Chris and I kept in touch. I met him in person in Utah in 1994, and I visited him a couple of times in San Jose, meeting his charming wife and his many pets. We met at the Rotterdam Film Festival in 1996 (which started a five year run of me going back to the Netherlands once a year to watch twenty movies a week), and there he told me something along the lines of: "Jurie, you're a smart kid, I want you to be working on interactive storytelling in five years time." Since I'd missed my personal goal of making the Citizen Kane of interactive by age 26, I agreed.
And I missed that new goal too. But interactive storytelling is basically what I've been wanting to do even before I started making games for a living, when I was a demo programmer in the late eighties. Chris's obstinacy and frustration are a more intense version of my own.

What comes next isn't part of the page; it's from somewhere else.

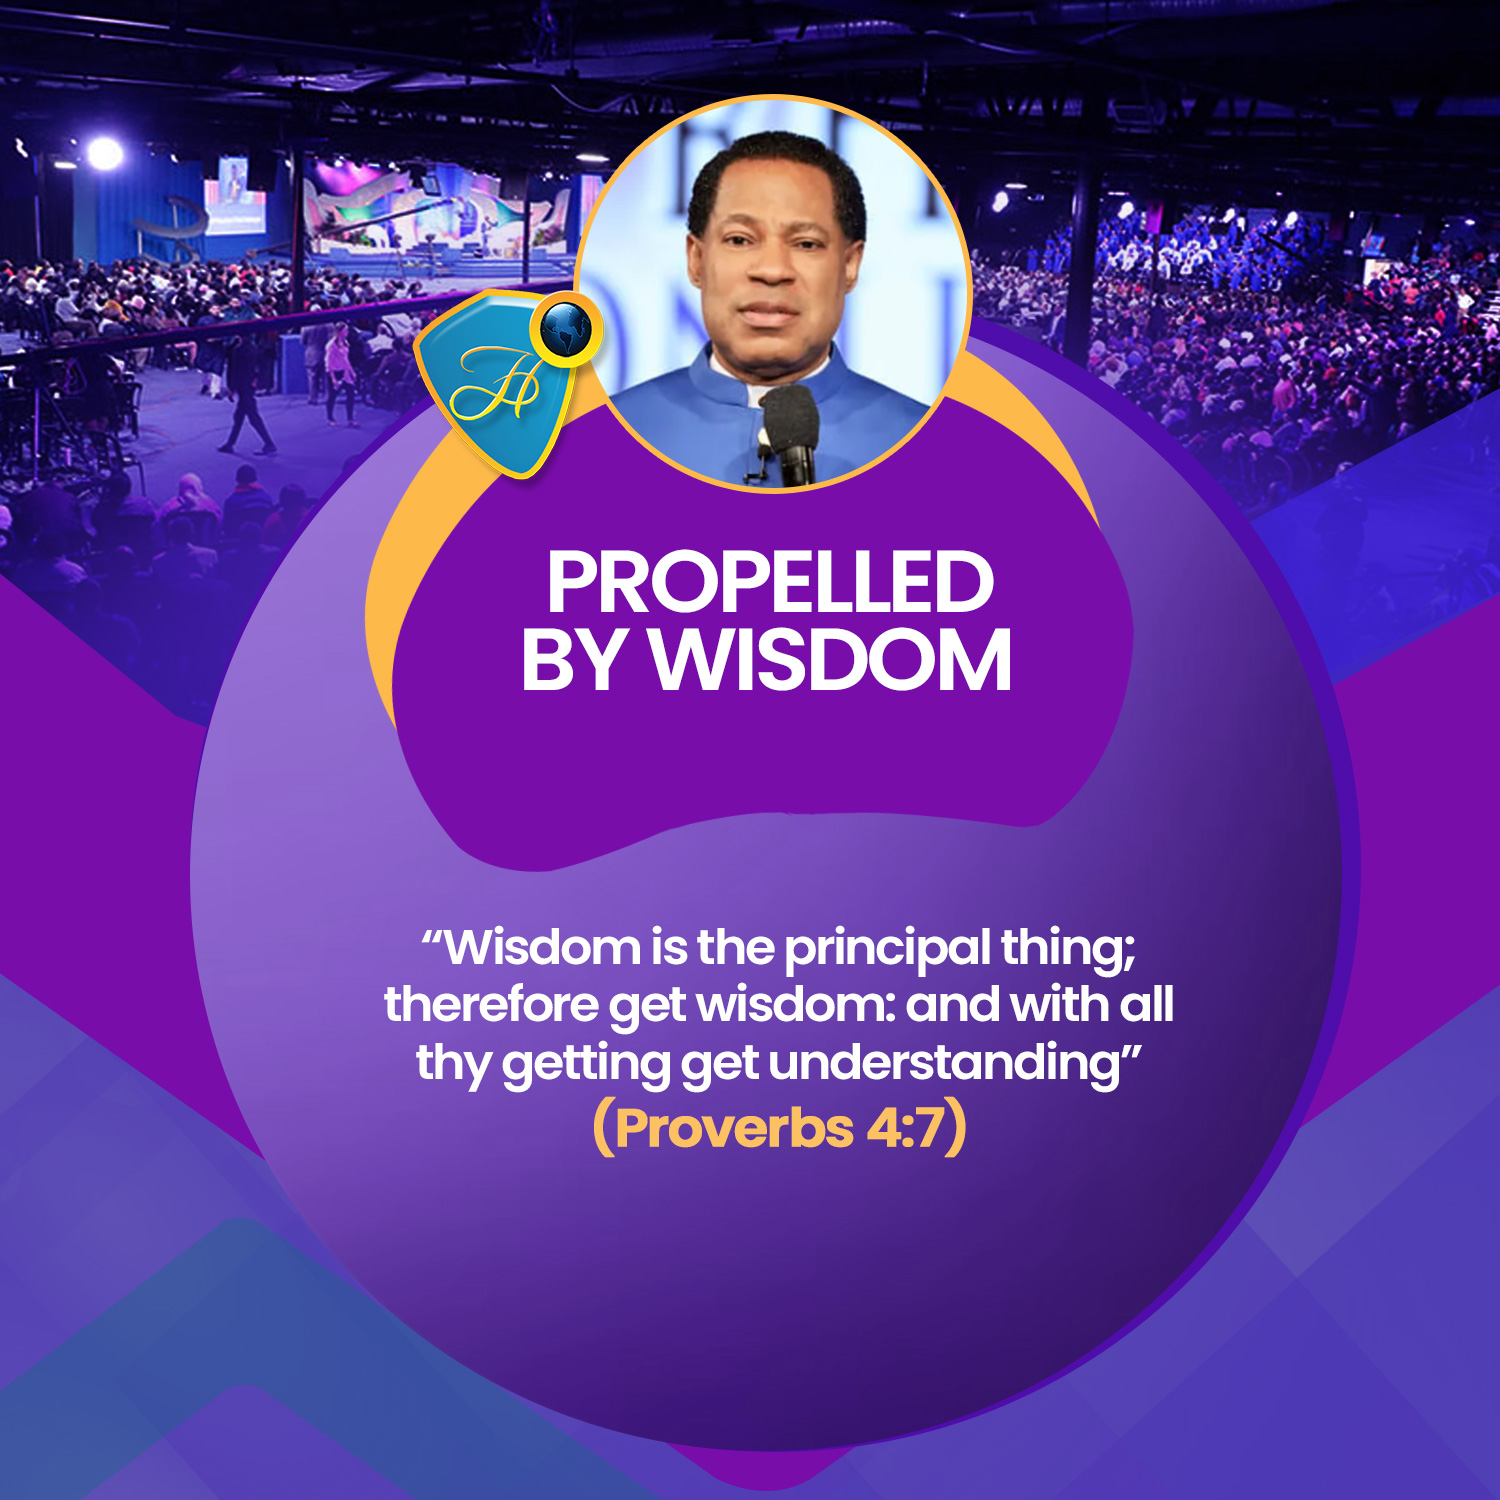 PROPELLED BY WISDOM

Even though I took a safer, more circuitous route, pretty much every career decision I've taken was to get me closer to somehow being involved in interactive storytelling. I've seen my share of failures and frustrations, and yet, because I am apparently a stubborn, unreasonable optimist who won't take no for an answer, I keep going.
During all that time, there was always Chris's inspiring example. He has dedicated himself to this endeavor for a ridiculous amount of time, making a huge personal investment. Who was I to call myself stubborn compared to him? I never quite worked up the courage to take the big step and focus on interactive storytelling full time, instead of, ah ah, trying to change the system from within.
This is the first acknowledgment of the cost and the frustration I've seen from Chris (as well as the first acknowledgment that there is more than one way to skin this particular cat). Perhaps perversely, I think it's a good thing: it would have been bad if he had never shown this human side. Nevertheless, I hope it doesn't mark the end of his involvement in interactive (so far the signs are good.)
Like Chris, I think interactive storytelling can be done, it will be done, and it's terrifyingly hard. But why try doing something easy? I can't think of a more fascinating quest than trying to create a completely new artistic medium. Onwards!
Update: Robin has posted a bit more about this topic. She's better at the touchy-feely stuff than me:
So here's me fessing: reading his words really gave me pause. First
because… it's… Chris - who has always been a huge source of inspiration
(he is heavily quoted, for example, in the first chapter of my thesis).
Second because he has always seemed so…. incredibly, inhumanly stubborn
and focused - at times, despite his own best interest. Reading such a
frank account of his doubts and struggles was just… a bit disarming.
What she said.
And changing perceptions of the industry over time, that's a highly interesting topic of it's own.